---------- Data supplied

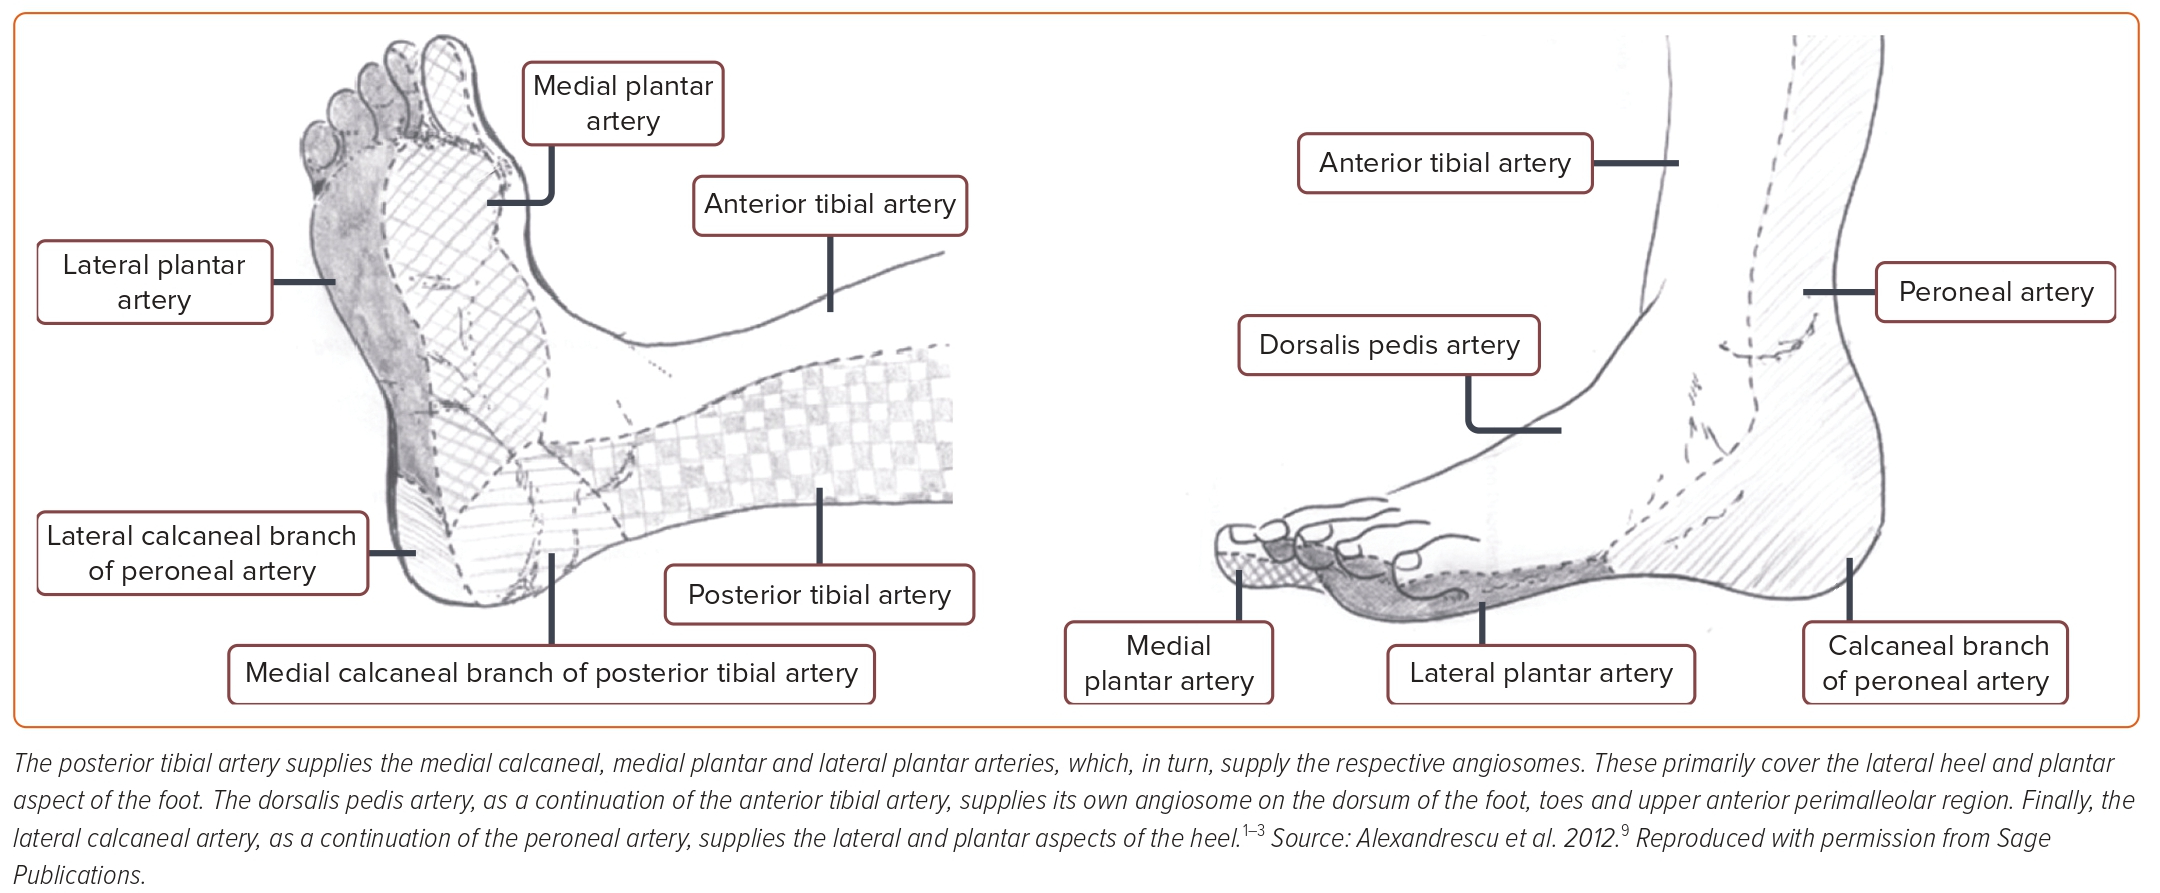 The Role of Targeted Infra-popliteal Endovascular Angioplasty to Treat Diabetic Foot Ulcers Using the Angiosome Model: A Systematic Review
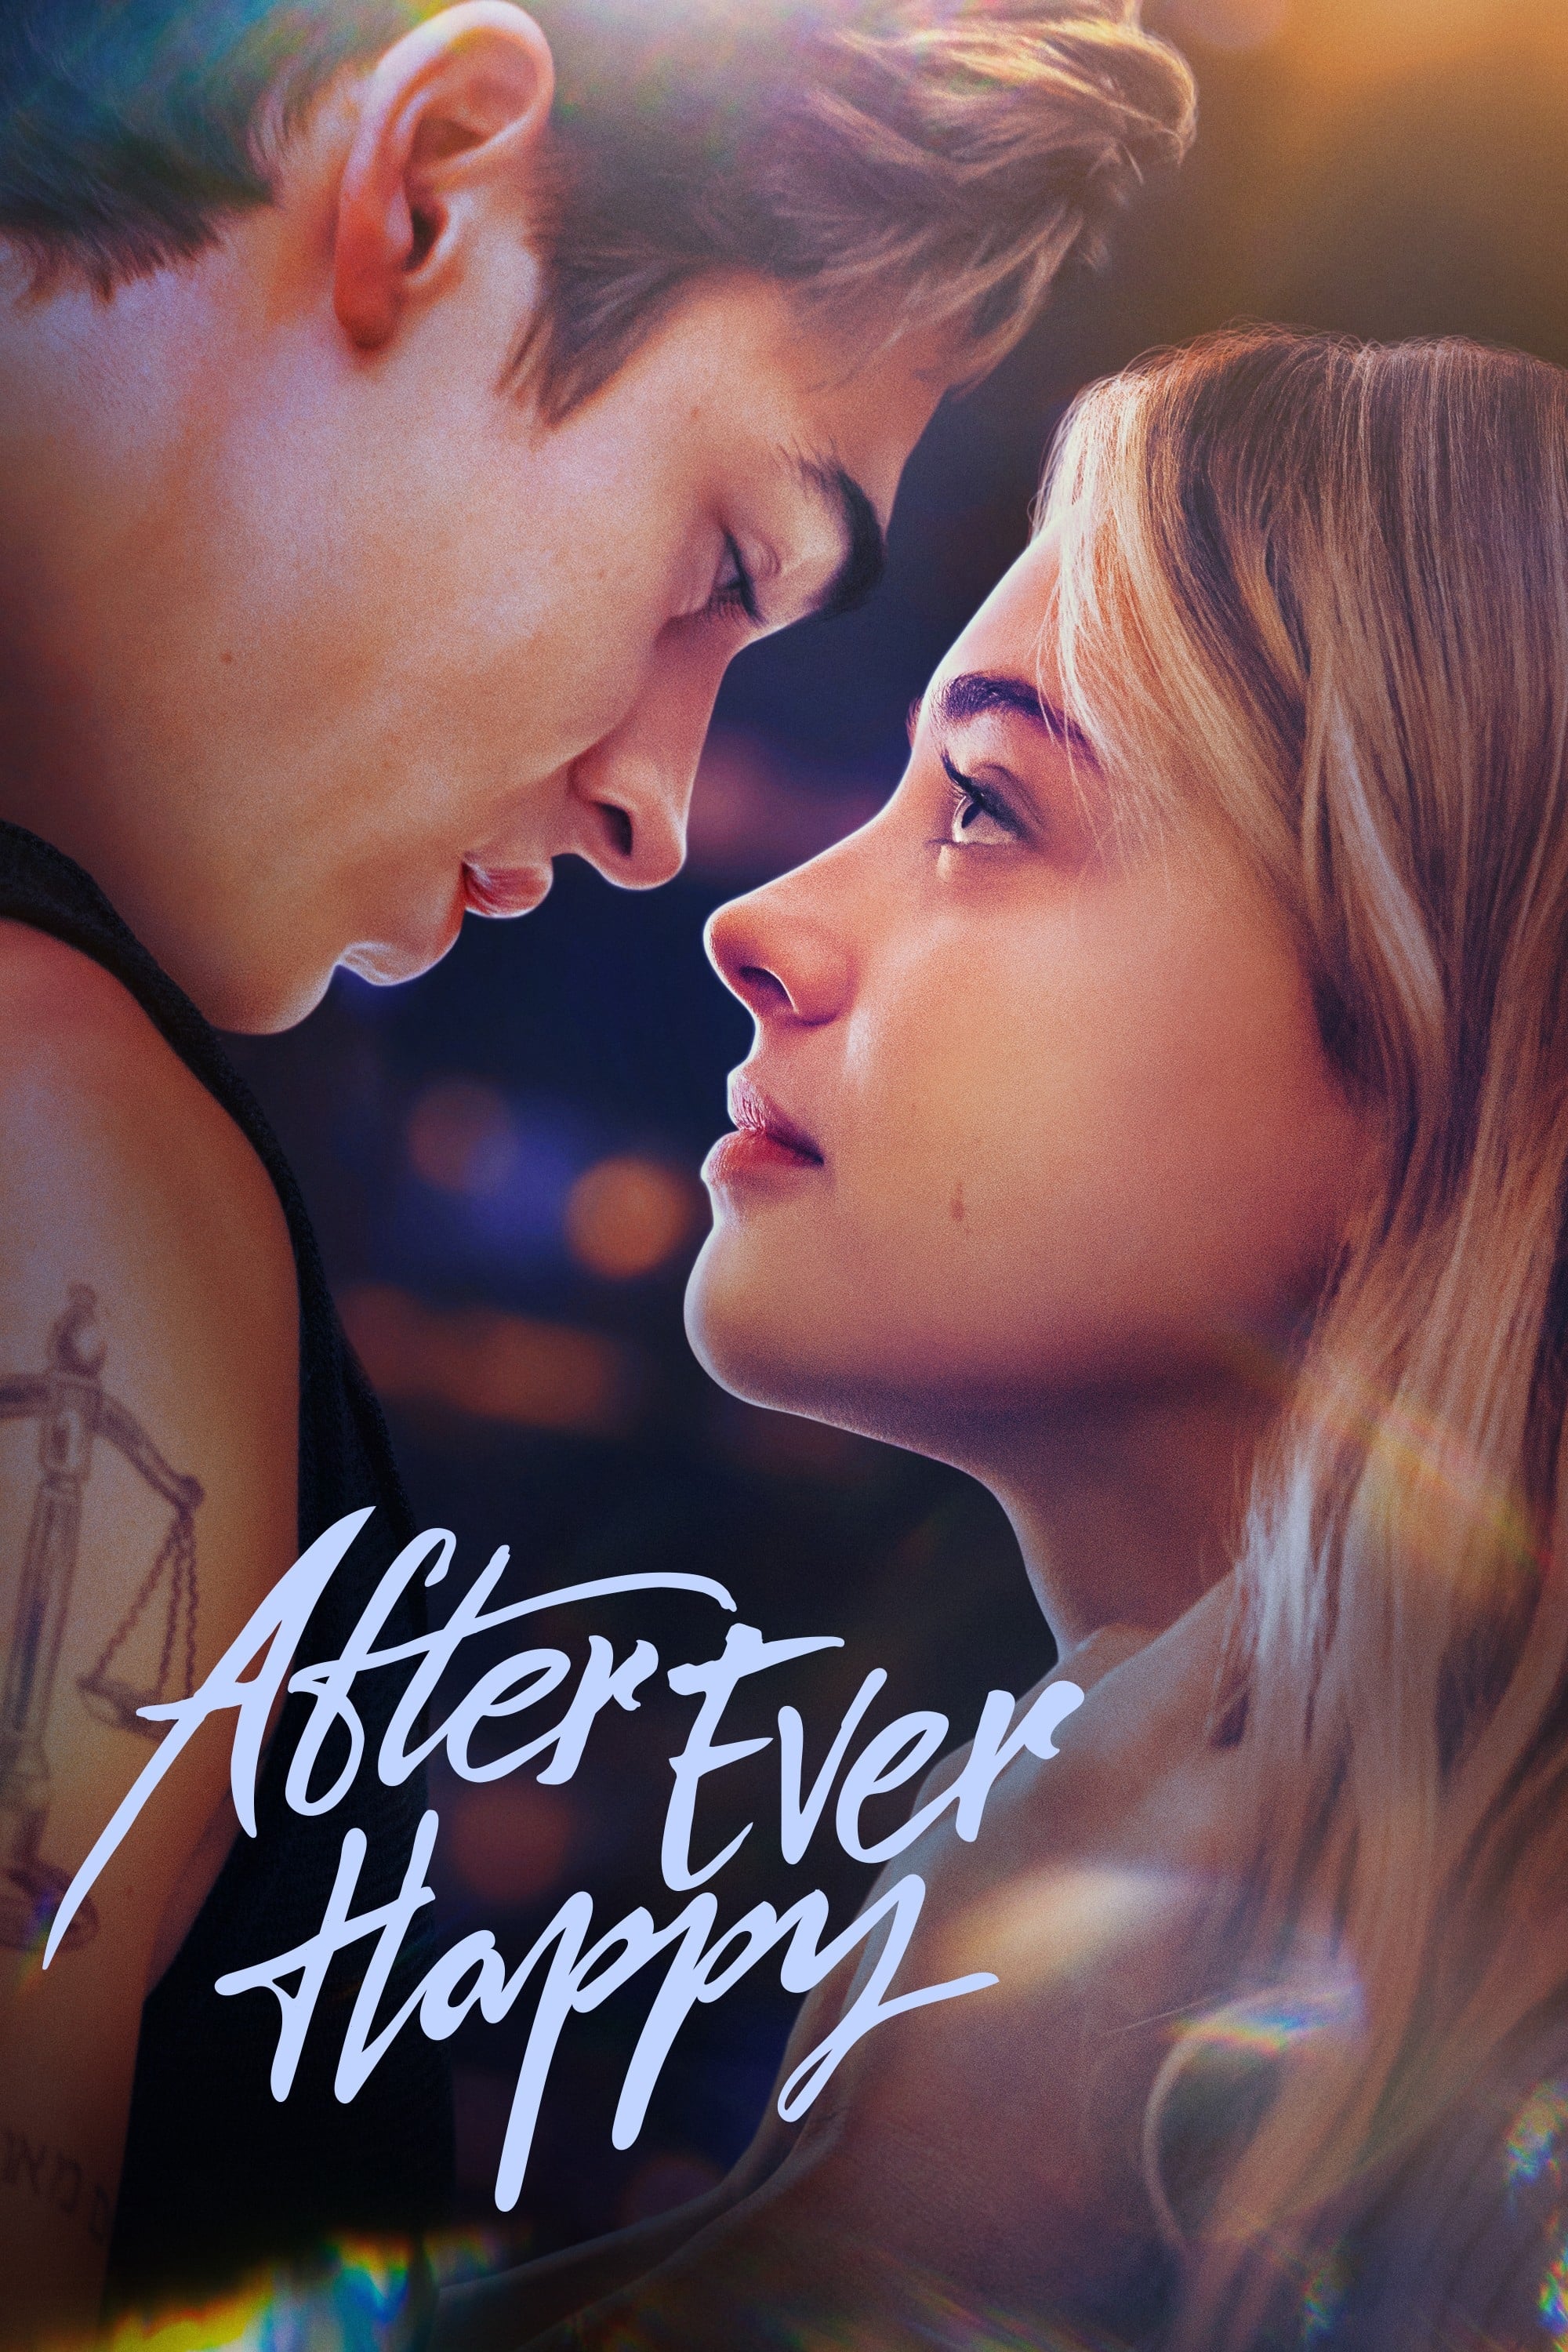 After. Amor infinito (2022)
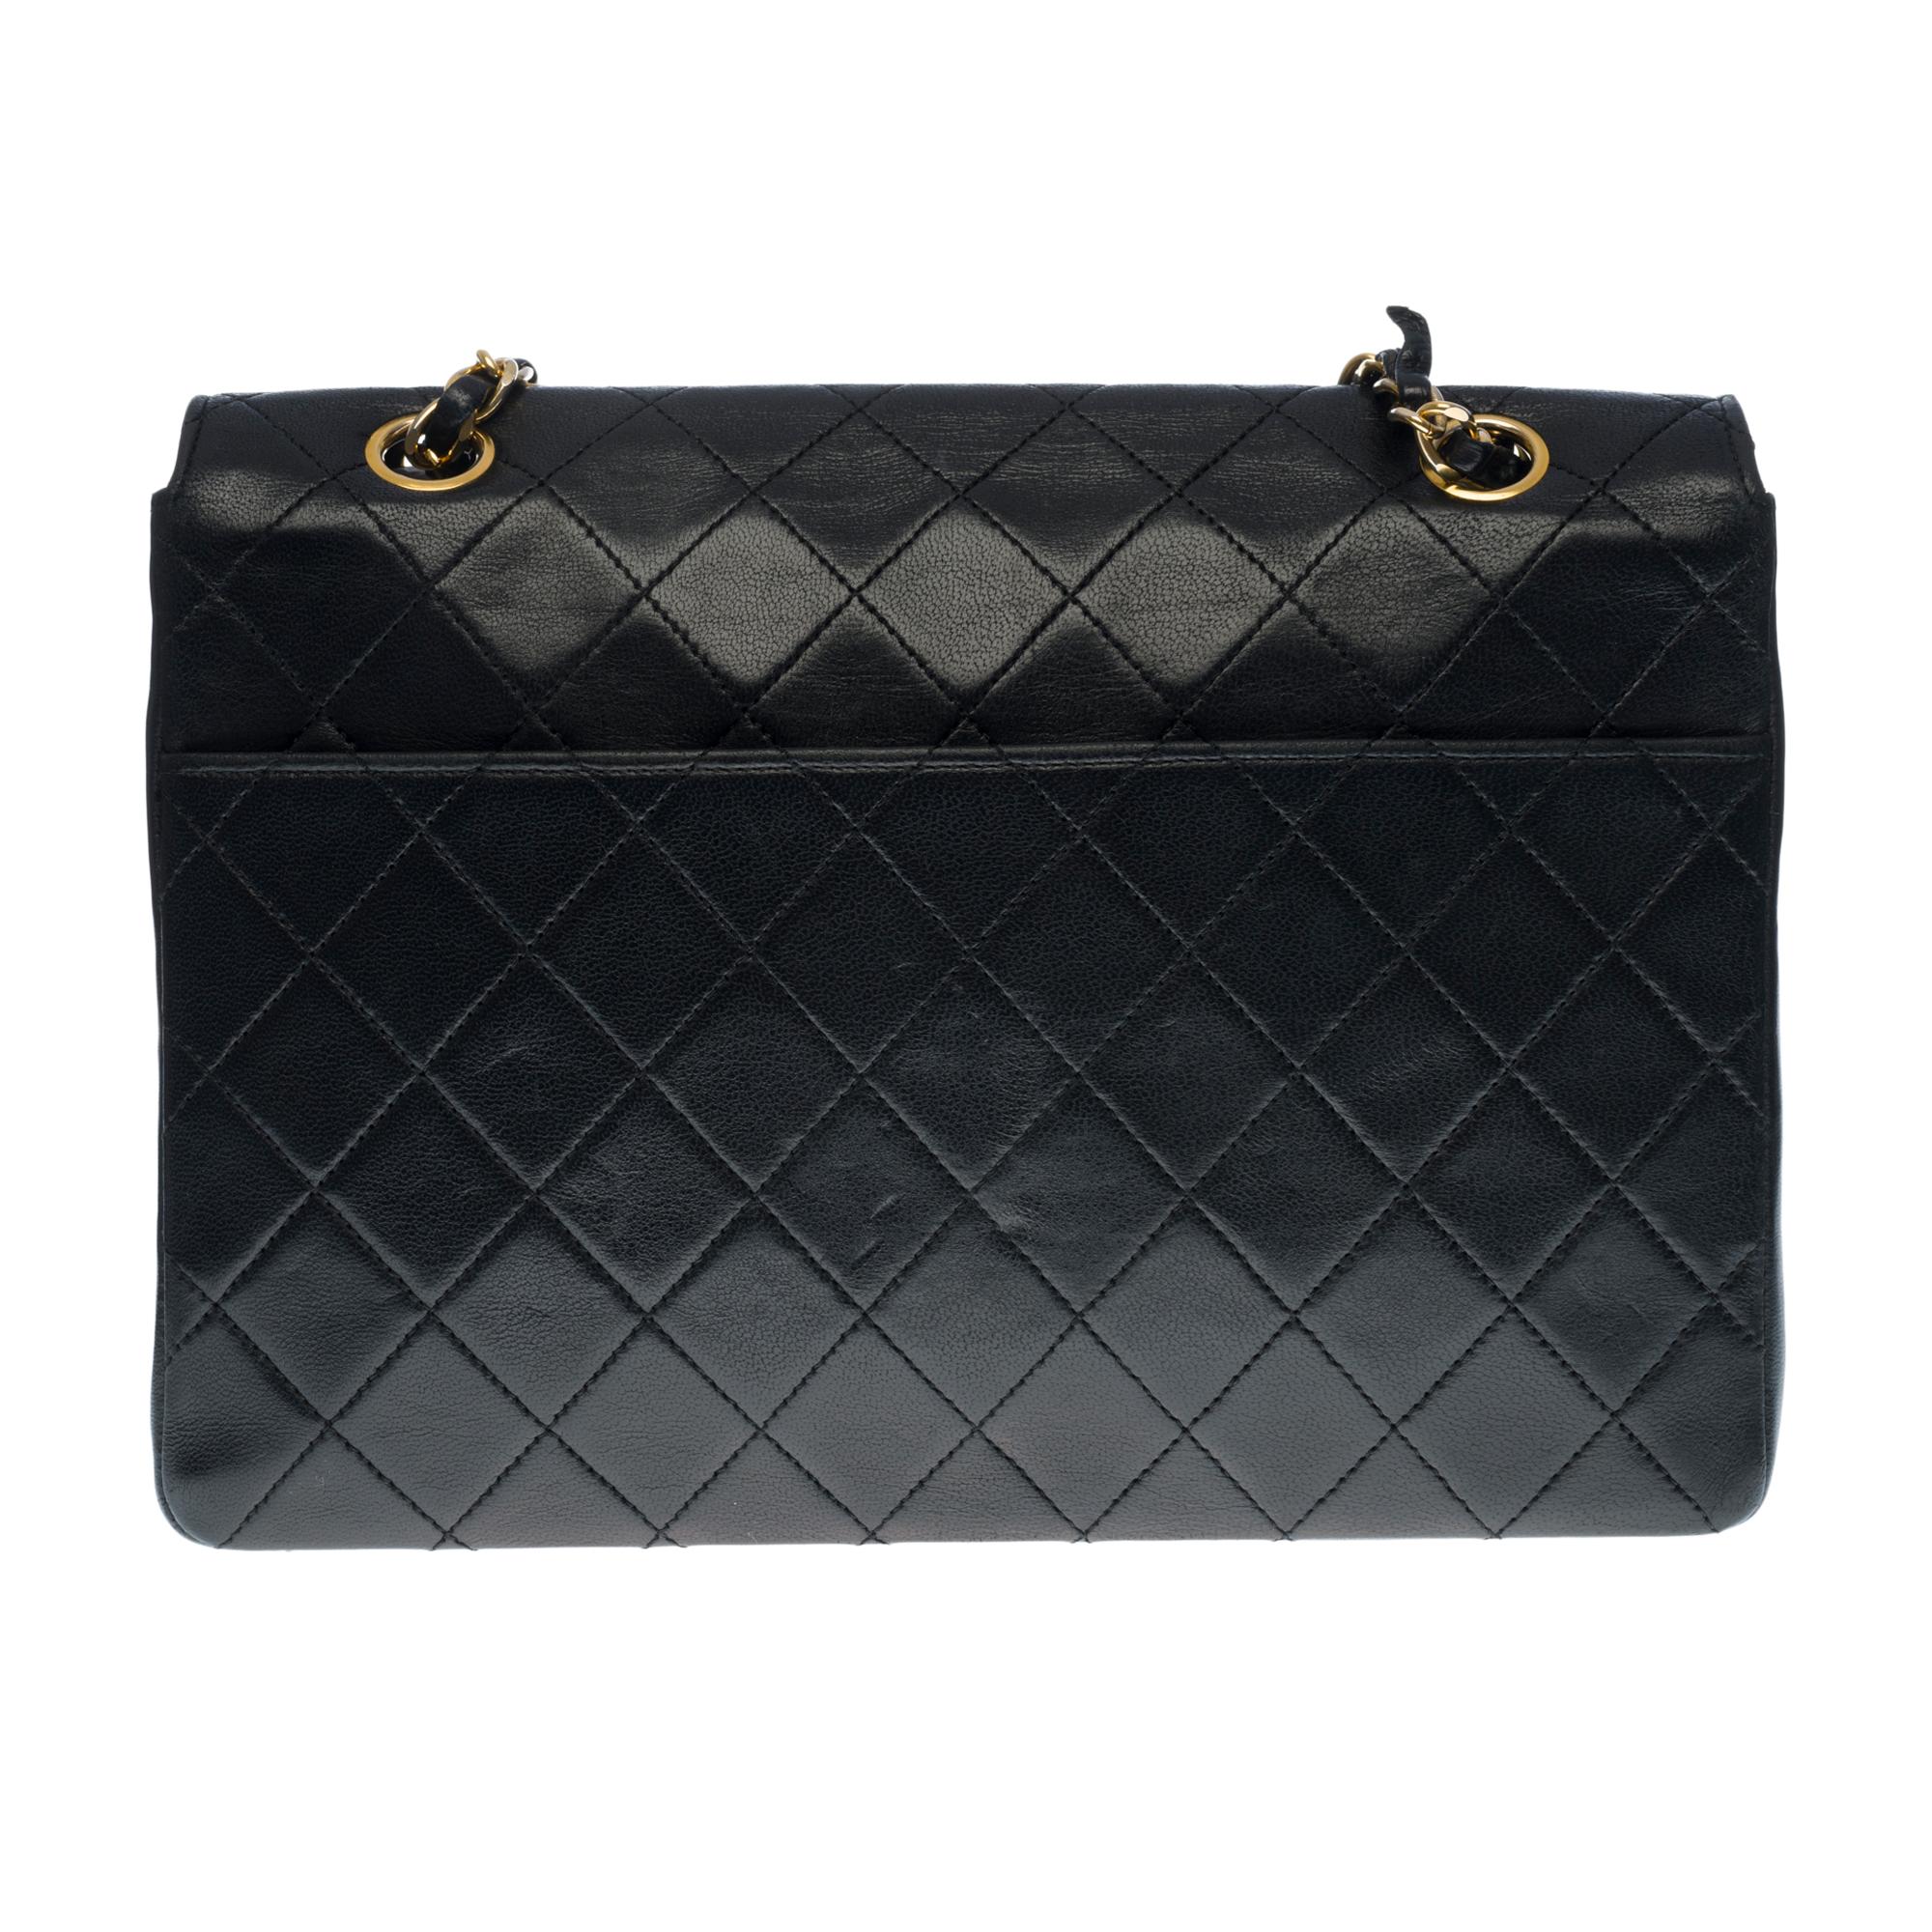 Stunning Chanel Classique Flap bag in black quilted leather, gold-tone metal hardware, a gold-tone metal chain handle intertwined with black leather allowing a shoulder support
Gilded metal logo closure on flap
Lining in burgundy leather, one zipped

--------------------

## Work task
Please reproduce every entry above exactly, but leave out the pictures.

## Task response
 The Role of Targeted Infra-popliteal Endovascular Angioplasty to Treat Diabetic Foot Ulcers Using the Angiosome Model: A Systematic Review
 After. Amor infinito (2022)
 Stunning Chanel Classique Flap bag in black quilted leather, gold-tone metal hardware, a gold-tone metal chain handle intertwined with black leather allowing a shoulder support
Gilded metal logo closure on flap
Lining in burgundy leather, one zipped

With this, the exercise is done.